You should not be freezing breastmilk

If you are freezing fresh breastmilk and feeding your baby previously frozen milk everyday, you may want to reconsider why you’re doing this. Because this is what everyone else is doing? There are too many articles out there teaching you how to generate a freezer stash of breastmilk, and too few articles explaining why frozen breastmilk is inferior to fresh and fridged breastmilk. Frozen breastmilk is still better than formula though.

Do you need a giant freezer stash?

A few weeks ago, I was preparing to transition to working part-time, and one of the issues that came up was creating a freezer stash. I read up about how to create a substantial freezer stash painlessly, and got started a couple of weeks early (thinking I was late to the game actually). In the meantime, I was also starting to go out some times in the afternoons to leave my baby with grandma for practice. Those days, I just leave the pumped milk in the fridge instead of freezing because my baby wants her milk ASAP, and my mom doesn’t always have time to thaw frozen milk if she runs out. It seemed a superior system to me – I don’t have to buy a ton of milk freezing bags, and take up a ton of space in the freezer. I know there are people who leave fresh milk for their babies, but everyone on the internet forums seemed obsessed with pumping up a stash to use. You can tell pumping large quantities is an obsession when “How I pumped and froze 1000oz of breastmilk” is next to the “How I earned $100,000 working from home” ad spam on the sidebar.

How do you use your freezer stash? I am under the impression that people take out the oldest milk, and freeze the day’s pumping, keeping the supply constant. Of course, there are those who freeze 6 month’s worth of milk so that they can stop pumping but continue feeding their LO breastmilk. In the latter case, you will need to freeze your breastmilk. But for most people, the freezer stash is more of a just in case they run low on milk that one day or that one afternoon. If this is your situation, you don’t need more than a day’s worth of milk in the freezer.

Freezing kills the white blood cells in breastmilk

I’m a biology researcher, and in my work we have to carefully consider how to store biological samples depending on their purpose. The freezer is usually an inferior form of storage. Freeze-thawing kills many types of samples, and we usually have to include additives to keep things in good shape. But you can’t add stuff to breastmilk to freeze it.

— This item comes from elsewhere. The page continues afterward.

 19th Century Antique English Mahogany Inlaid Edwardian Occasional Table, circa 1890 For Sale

So what exactly is in breastmilk that will die in the freezer? White blood cells for one. If you remember from high school biology, an animal cell is just a fragile bag of water and stuff. Water expands when frozen, disrupting the membrane and bursting/killing the cell. Those white blood cells in breastmilk are all killed by freezing.

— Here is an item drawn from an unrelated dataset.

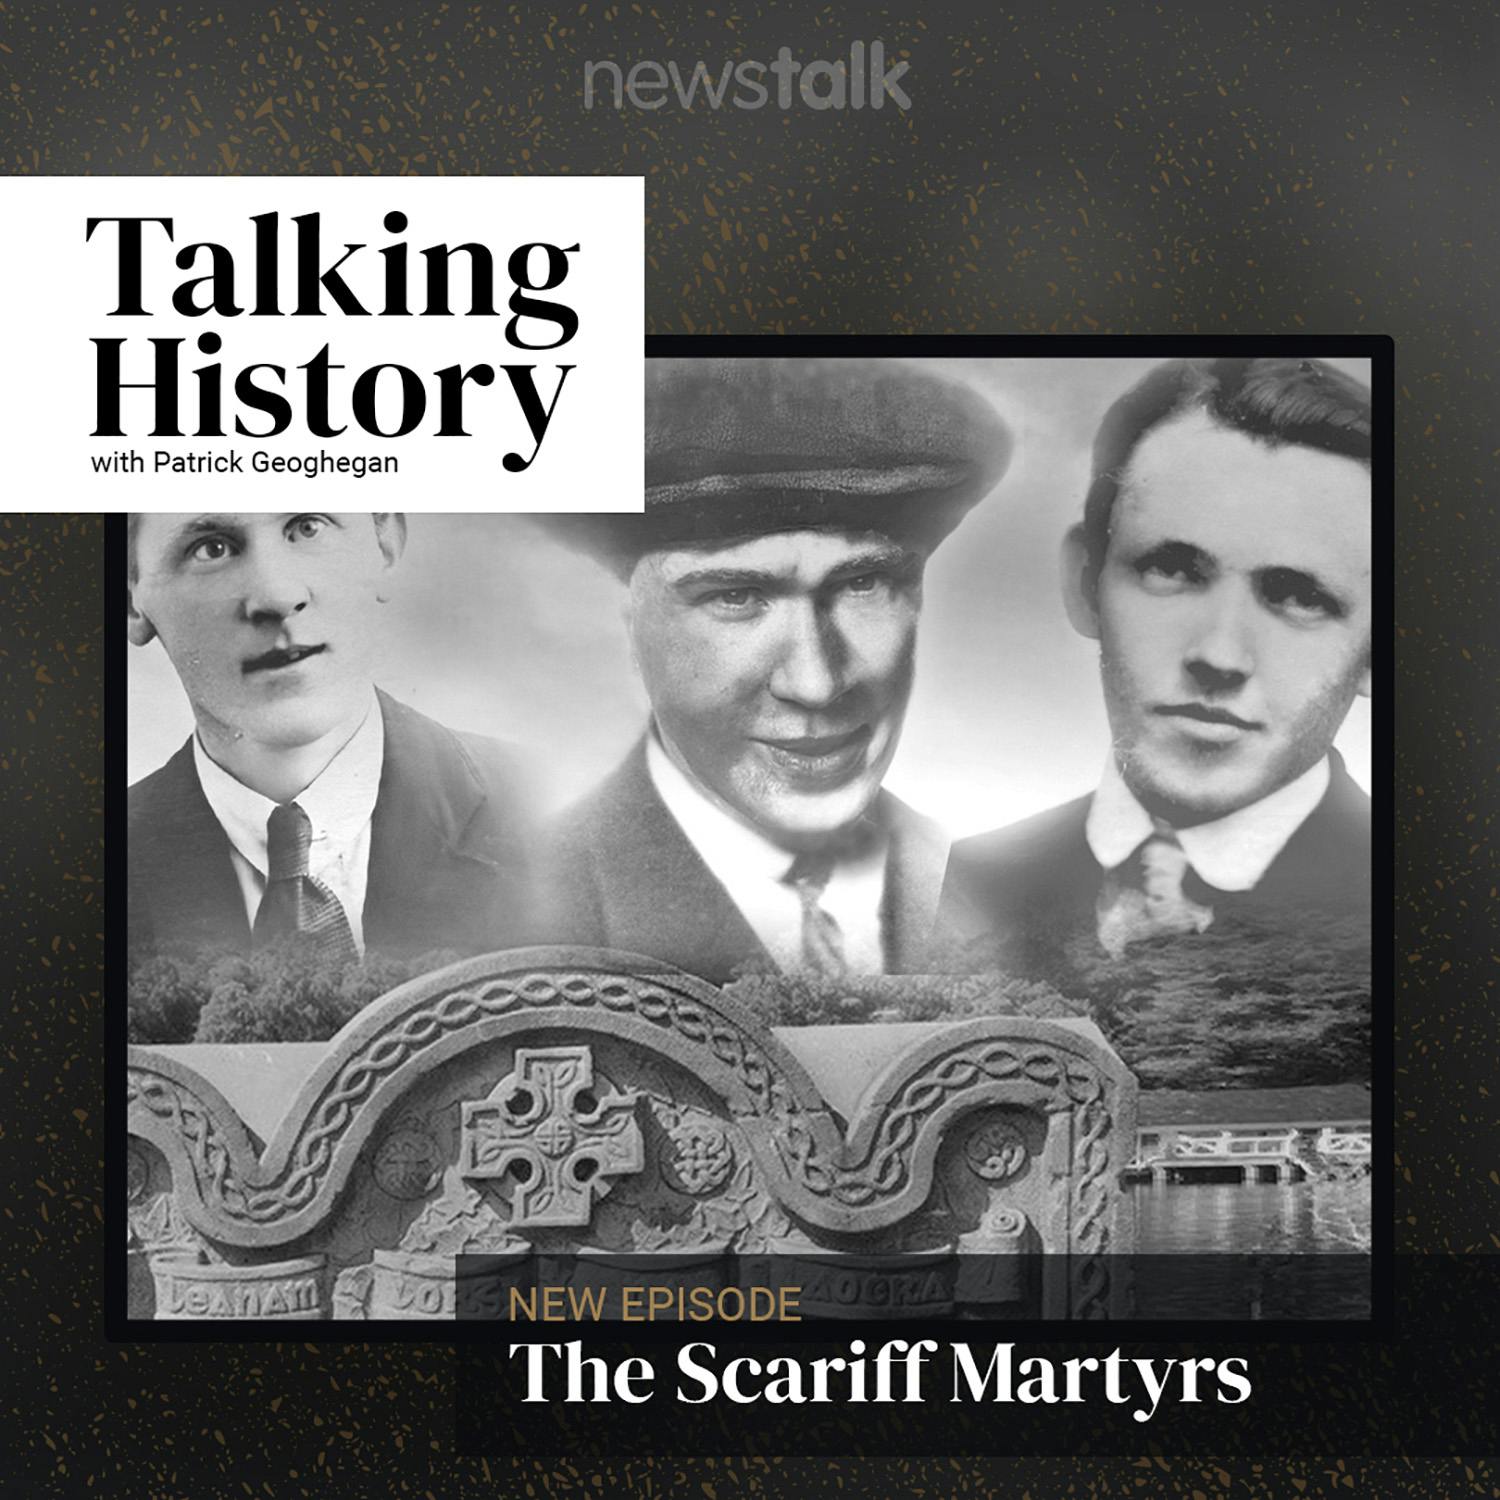 The Scariff Martyrs, Kerry’s Famine Poor and Dublin 1910-1940

Slightly more complicated are the proteins. We don’t know all of the proteins in breastmilk, but there are probably hundreds of them. Some of them, like amylase and lipase, survive freezing. Those are rare examples. Most proteins will be damaged by the freezing process and inactivated. This is why you can store your freshly expressed milk in the fridge for 5 days, but your thawed milk won’t last 24 hours in the fridge. The antibacterial properties are much diminished by freezing.

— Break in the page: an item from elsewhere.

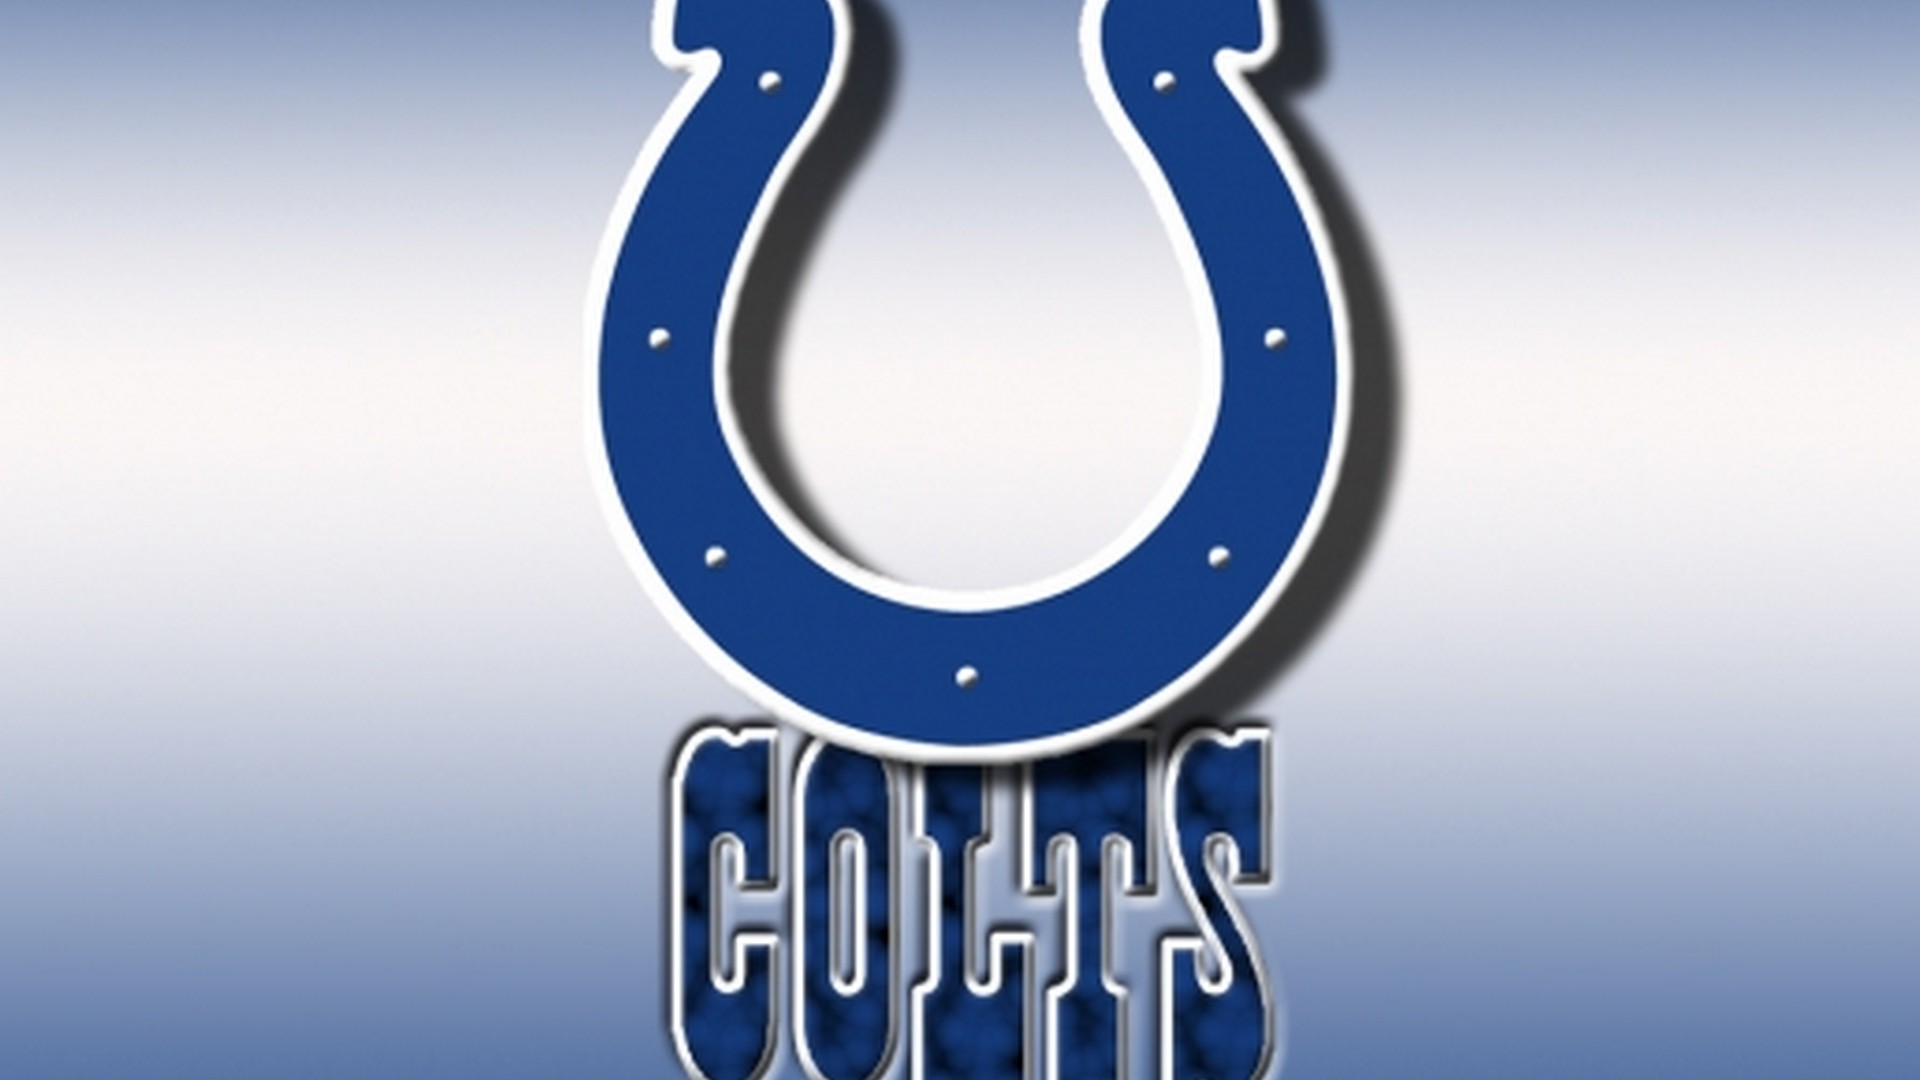 Windows Wallpaper Indianapolis Colts NFL With Resolution 1920X1080 pixel. You can make this wallpaper for your Mac or Windows Desktop Background, iPhone, Android or Tablet and another Smartphone device for free

Age appropriate breastmilk

There is the other consideration of age of milk. One of the best things about breastmilk is that your body tailors the composition to your baby. There is more fat in breastmilk for older babies, more water in breastmilk in the summer. By rotating your frozen milk out and your fresh milk in, your optimized breastmilk is no longer optimized. An occasional feed of frozen milk won’t make a difference, but if you are feeding your baby frozen milk everyday for 8 hours unnecessarily, you should think again.

My intended milk cycling system

My current freezer stash is ~10 bags of 3oz, saved over random pumping sessions when I was engorged and had to remove the milk (ate oatmeal cookies without realizing how potent they were for instance). I think this is more than sufficient for emergencies.

My plan for when I start work again next week is to pump exactly what my baby needs each day. I’ll be gone for about 5 hours, so it’s 5 x 1.5 oz = 7.5 oz. It seems a little ambitious for one pumping session, so I’ll be pumping in the middle of the night, once at work, and possibly when I get home/before I go to work, depending on when my baby feeds. I’ll store the milk in the fridge for the next day. Friday’s milk will be used sometime over the weekend when we go out – I haven’t figured out how to breastfeed in public, so we bottlefeed when we go out.  Any extras will be frozen, and if we need more than 7.5oz, we will take it from the freezer – this also means I will have to start pumping more than 7.5 oz.

As for the freezer stash, if we don’t end up using it along the way, I plan to cycle the bags after a month. I care about the changes in nutritional content as my baby ages, so it would be better to cycle it regularly. If I end up using an emergency bag, I will be replacing it that same day as much as possible.

It will become a lot more challenging when I have to work full-time, but the plan for now is to increase the number of pumping sessions at work. One should be pumping every 3 hours to keep the milk supply, so I would probably have to increase it to at least twice at work, and immediately after reaching home/before I leave for work to last 9 hours (13.5 oz!). I’ll work it out properly when that time comes.